The proposal would be debated next week by the House Financial Services Committee, headed by Massachusetts Democratic Rep. Barney Frank, it said. "We will regulate mortgage brokers," Frank told the FT in an interview.

Members of Congress hope to make the financial institutions that buy mortgages and create mortgage-backed securities share some of the liability that could arise if mortgages are mis-sold to borrowers who fail to meet payments, the newspaper said.

The plan could trim the flow of finance from the capital markets into the mortgage sector, according to the FT.

It said such flows had been blamed for lending practices that developed in the subprime market in the past few years.

The Securities Industry and Financial Markets Association criticized the proposal, the FT said. It quoted the industry body as saying: "Any legislative response should curtail abusive practices while not restricting the availability of credit or harming legitimate secondary market activity."
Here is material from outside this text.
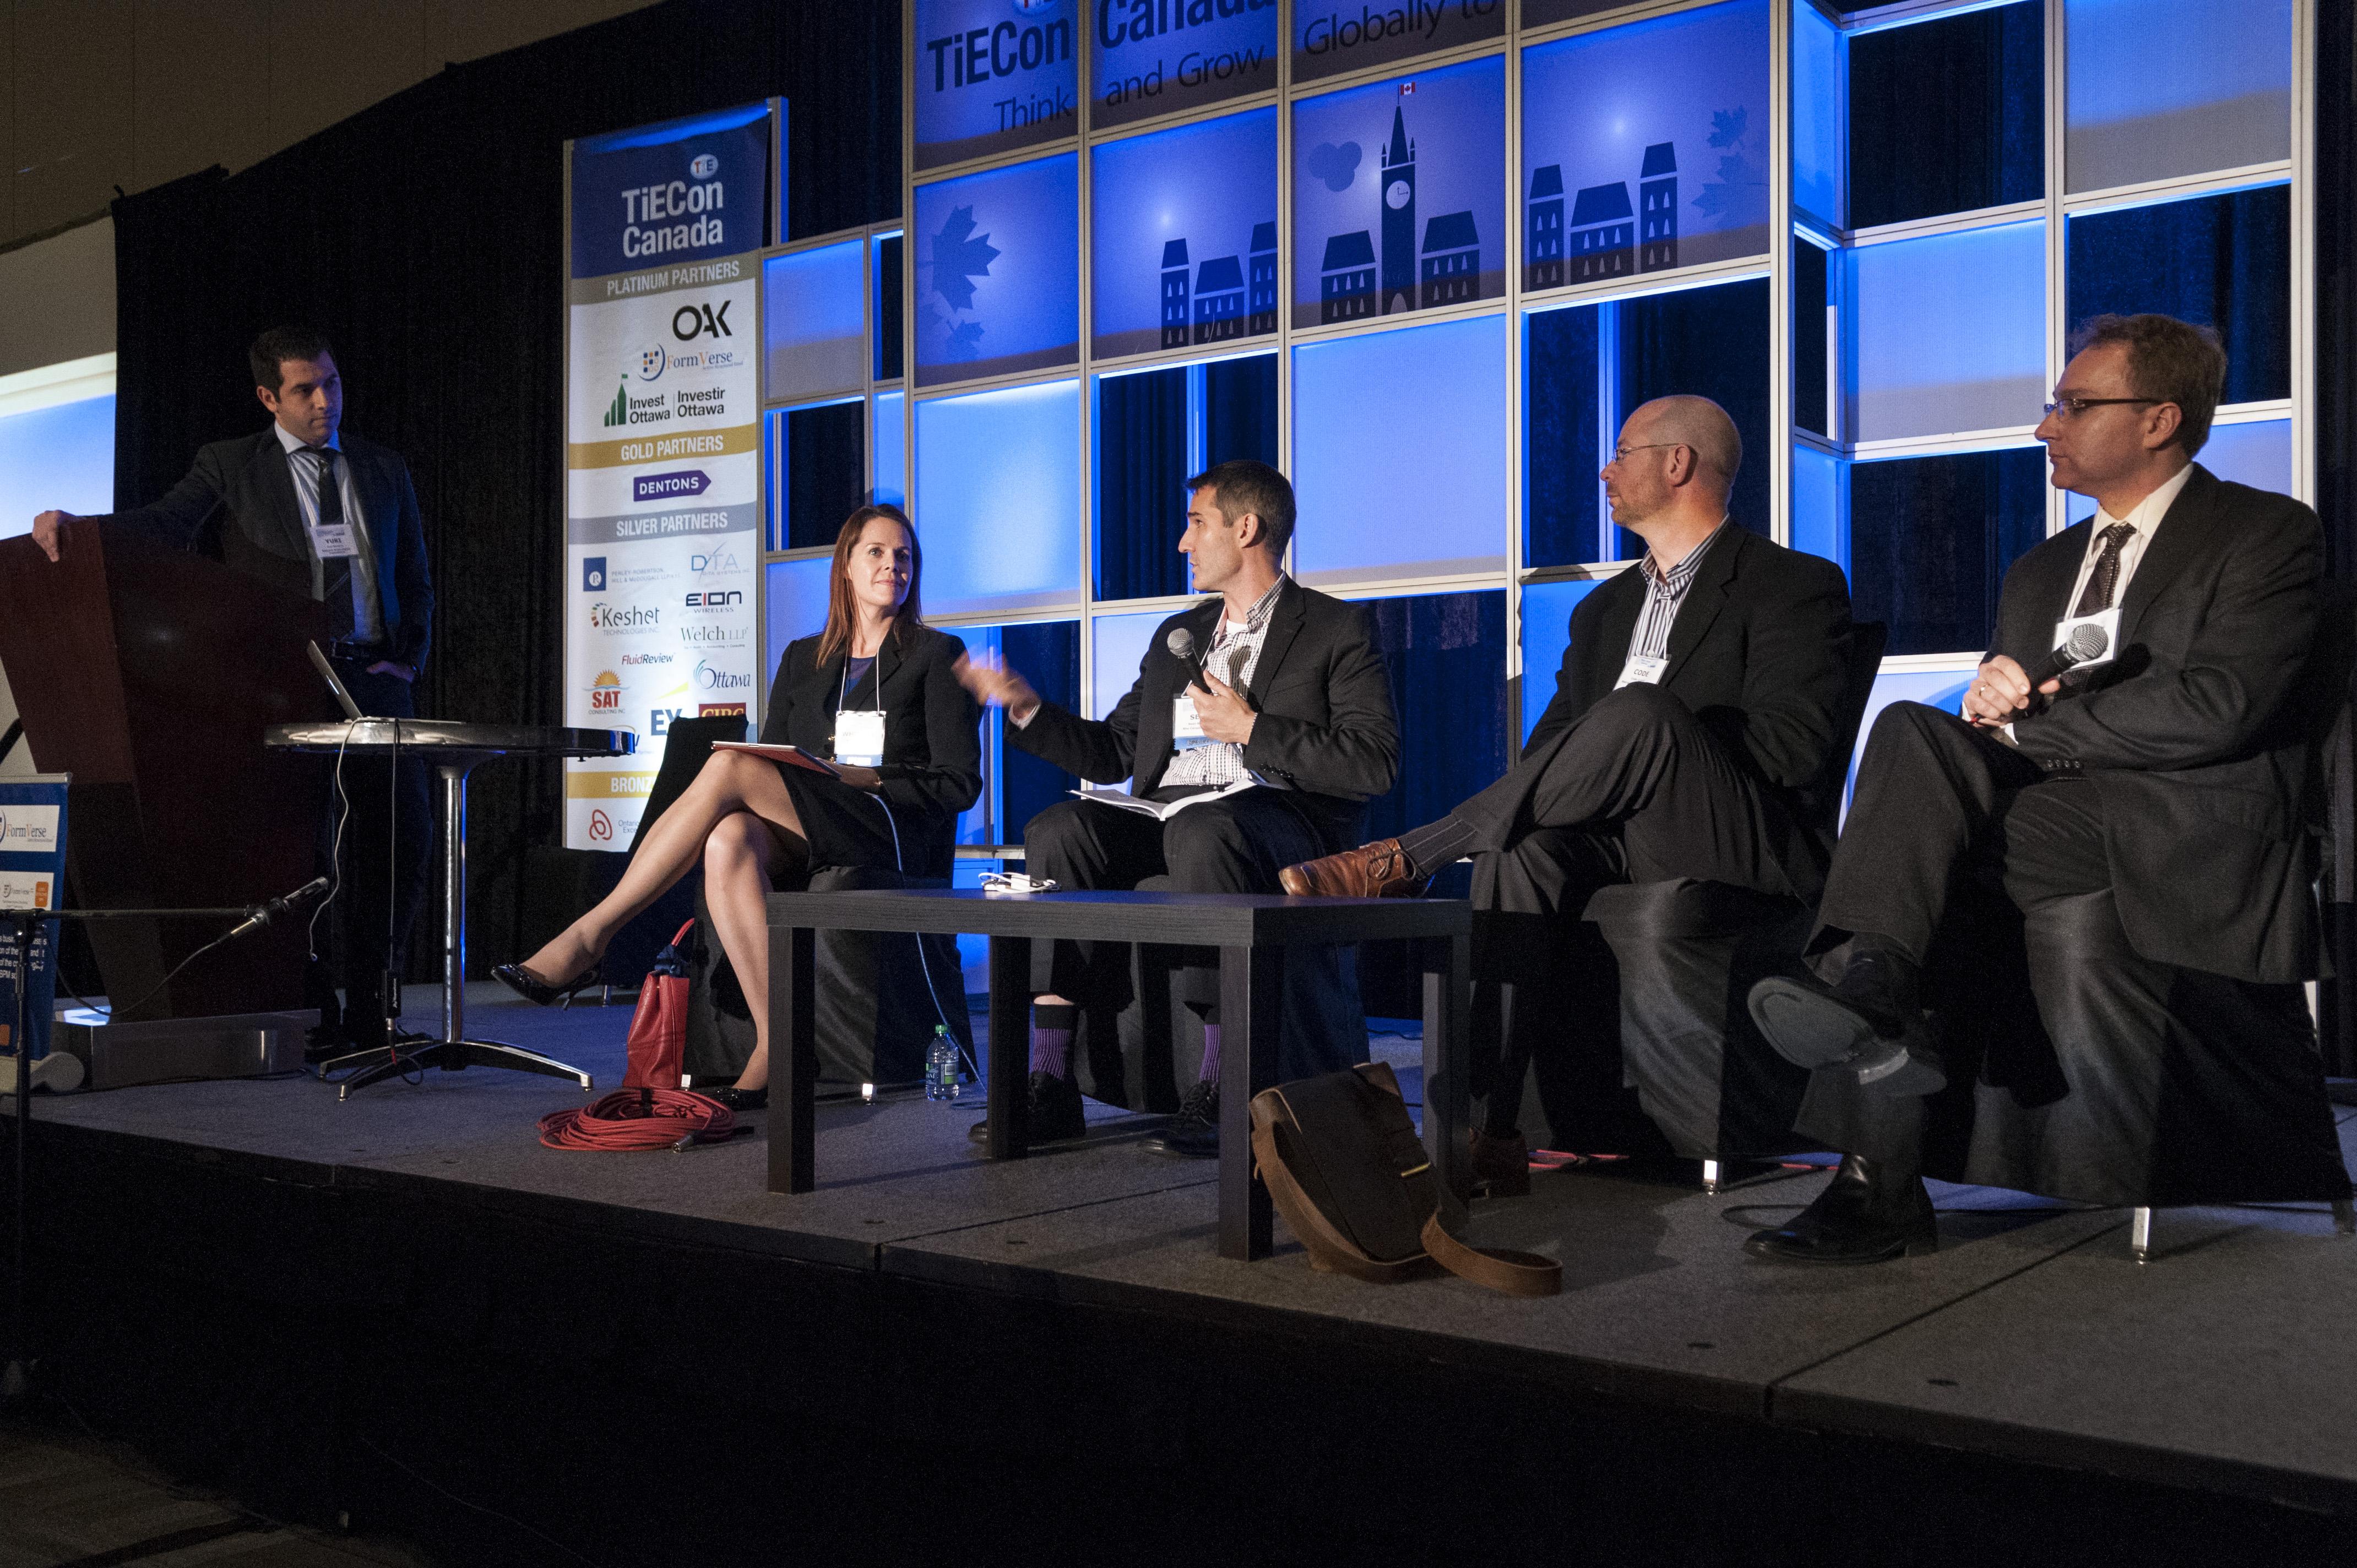 TiECon 2014 Panel

Frank, however, said he hoped the measures would be passed by the end of this year, the FT reported.

"It is no part of my concern whether investment banks make money ... the purpose of housing finance is to get people in houses, not to finance the U.S. financial markets," he said.
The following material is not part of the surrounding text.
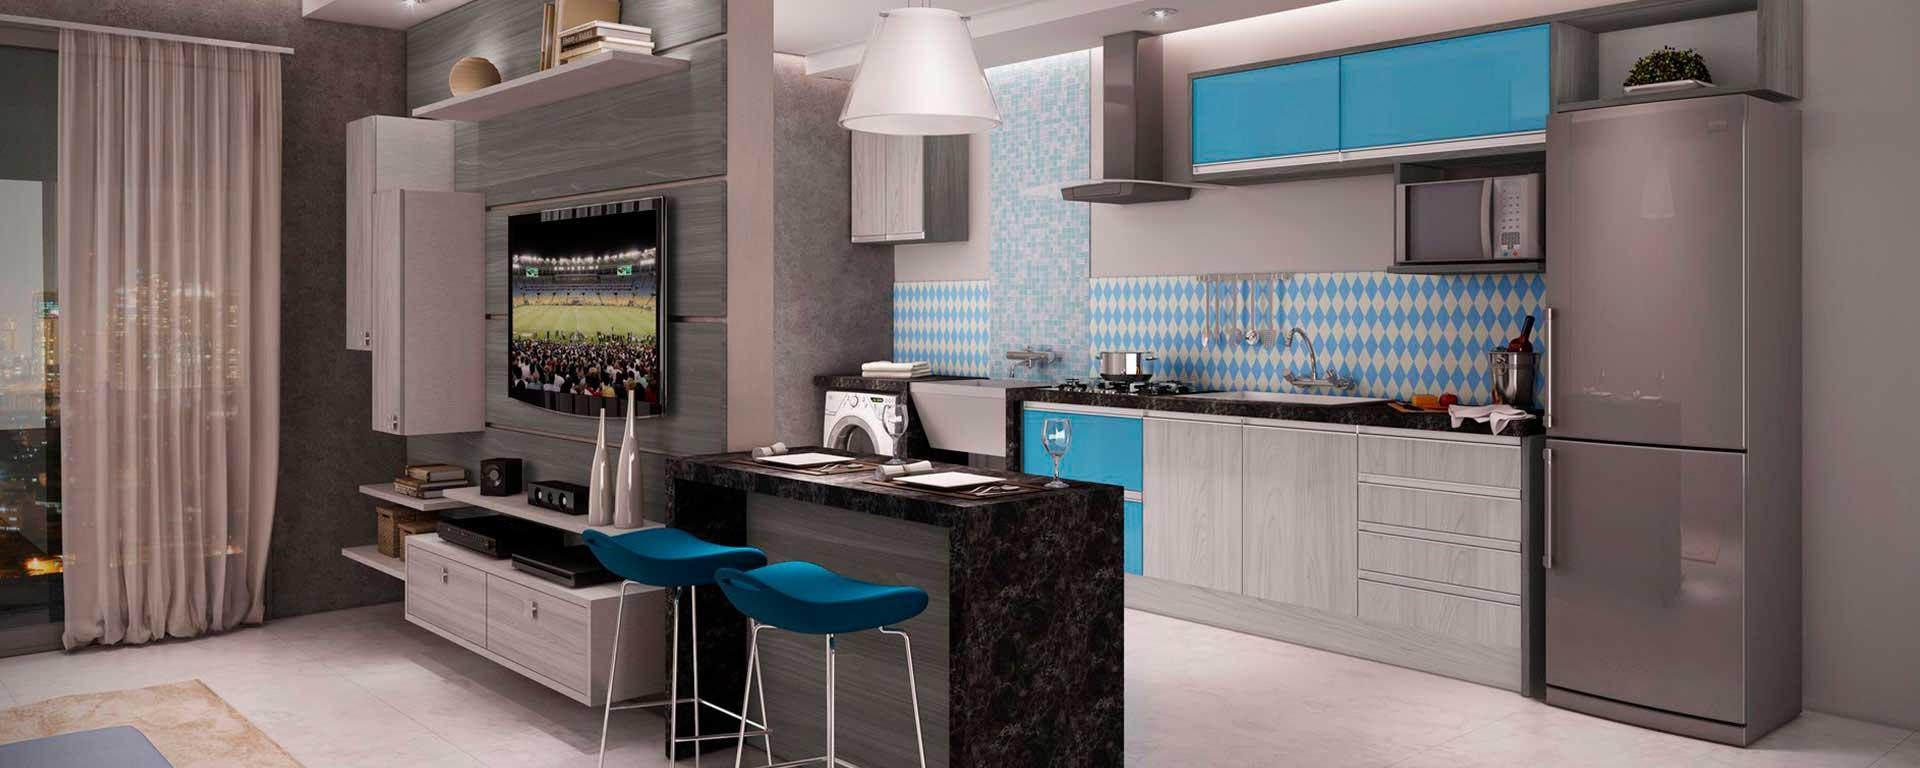 Ремонт кухни 7 кв. метров

"Securitisation has not been an unalloyed good thing. We have a situation where unregulated entities have made these loans and no one now is responsible for it. There is a complete absence of any place to look when things go wrong."

The FT also quoted Frank as saying his committee was mulling whether government-related entities should help restructure some private sector subprime mortgages and related securities.

"We are in the process of talking to (government-chartered mortgage groups) Freddie Mac and Fannie Mae about what type of instrument they may come up with," he said.

"They may be willing to take something of a haircut to stop the market from collapsing."